Tuesday, May 6, 2014

Saturday thru Monday
Saturday we spent the time (and I mean spent the time) getting things done around the apartment. We worked all day on a dresser. I was so ready to scream. I would put it together, look at the drawing and ask Craig what was the matter. He would turn it around a different way and I’d see what was the matter. When it was all finished, of course, the top drawer won’t close. I couldn’t figure out why until I remembered when we were putting it together that one of the bars used to slide the drawer in was bent. I mean that it came that way. I noticed it and hoped it wouldn’t matter, it was such a small bend, hardly noticeable. Guess it mattered.

We went out to the store, and we found a gym that Craig had researched so we joined it. Finally, we are able to get some exercise which we both need. Now I just have to find someone to do hair and nails.

I had to go downstairs to the wash room to do some laundry. Oh, how pampered we are in this world. To think I have to spent $3 just to wash and dry our clothes is ridiculous. The washer hardly gets started when it is finished. The dryer does well though. It is a great blessing for us to have a washer and dryer in our home at Layton.

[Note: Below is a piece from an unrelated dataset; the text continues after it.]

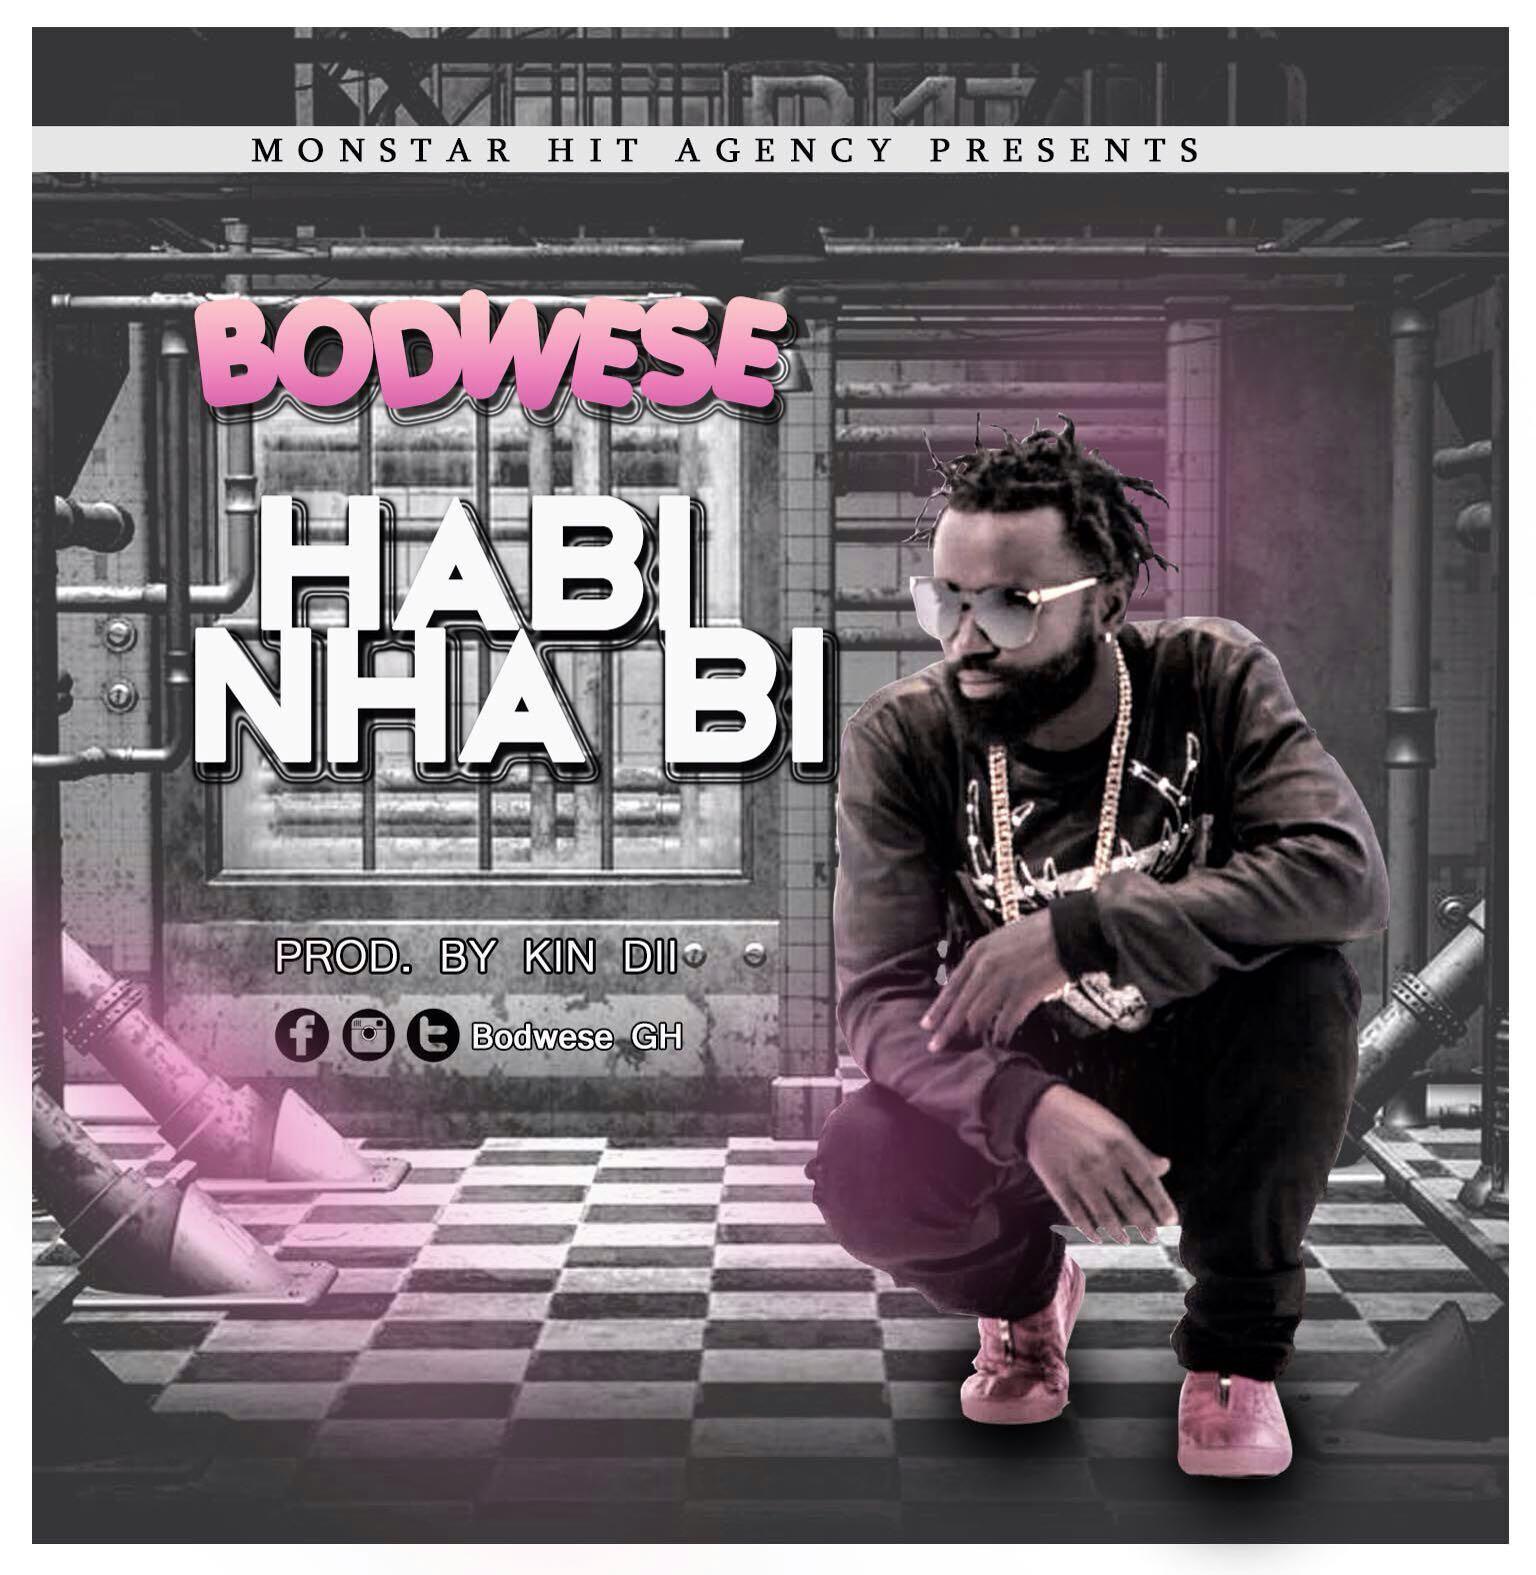 Bodwes Habi Nhabi

There are two young sister missionaries in our apartment complex. They came over while I was washing the clothes. Their names are Newton and King, and they are really nice. One of them will be going home at the end of the month. She is ready, but it is obvious that they are working hard.  The other one hasn’t been out very long. They appeared to work together well.

Sunday was so surpisingly wonderful. I say that because I was expecting almost no one to be there from the way the Elders had spoken about it. I’d say we had 35-40 people. It is very multicultural. One sister bore her testimony in Spanish and another translated for her. Two young black boys gave the sweetest, most humble testimonies.  It was a touching meeting. There is a lot of poverty among the people, but you could see there is a lot of love there. Several of the white brothers and sisters are either on assignment there to keep the Branch going or have chosen to attend there to provide support.

The building itself was one of the few that the Church built during the Depression. The earlier Saints here were German, and they built it. It had fireplaces. They are bricked over now, but we can see one was in the RS room and one is in the Branch President’s office.  I guess the building has been reviewed by Church publications at least twice. It is located in a black neighborhood. The Church actually sold the building about 1960s or 70s to a group of Baptists. The membership had dwindled from the original German group. The Church then bought the building back when a lot of the blacks joined from the area. They spent time to remove many of the crosses that had been added by the Baptists. There are steam heaters in every room. I’m not sure if they are actually used anymore, but their presence lends a touch of age to the building.

There are very few children in the Branch.  Those that are there aren’t afraid to make themselves known.  We met with the Branch President who struck us as pessimistic about the possible future success of the Branch growing. He, himself, has been serving in the Branch for 6 years although he doesn’t live within the Branch’s boundaries. He is a nice man.  We didn’t meet his wife.

There are several things happening that we will be involved in this month. I will be donating some items to a group that will be making bags for the homeless.  There is a funeral this Thursday for a member’s mother. I didn’t hear that the mother had been a member. We will go to the viewing on Thursday morning, and we will help set up and serve the food after the family returns from the graveyard.

We have Stake Temple day at the end of the month. Maybe we will have a chance to go to the Chicago Temple, which is our home temple.

Today, Monday, we got our first referral. It is a brother of a member who has expressed interest in learning more.  We went to lunch at the Mission Office and celebrated Cinco de Mayo.

We will be working with the genealogy programs. If any of you have a family search membership, you can apply to get your free Ancestry.com membership. You cannot do it unless you have been sent an email to do so. They are doing it I guess by regions. If you don’t have a Family Search account, you need to get one. Gracious, how do you think you are going to help us get our work done?

Our apartment is small, but we like it. The people are really friendly, and we like that. Our calendar is beginning to look less like a blank sheet (hahaha).  We finally got all the furniture together so we can now spend more time on getting out and meeting people. We are beginning to feel more at ease here and that’s a good thing. I even wash the dishes after every meal. It helps keep me feeling like we are accomplishing something.

Next  Saturday, we are going with the Hmong Missionaries to visit with the Hmong. The Elders will be introducing us to some they teach, and we will be eating there. We have been told that they like their food hot, hot.

Love to all. I am too tired to write more now.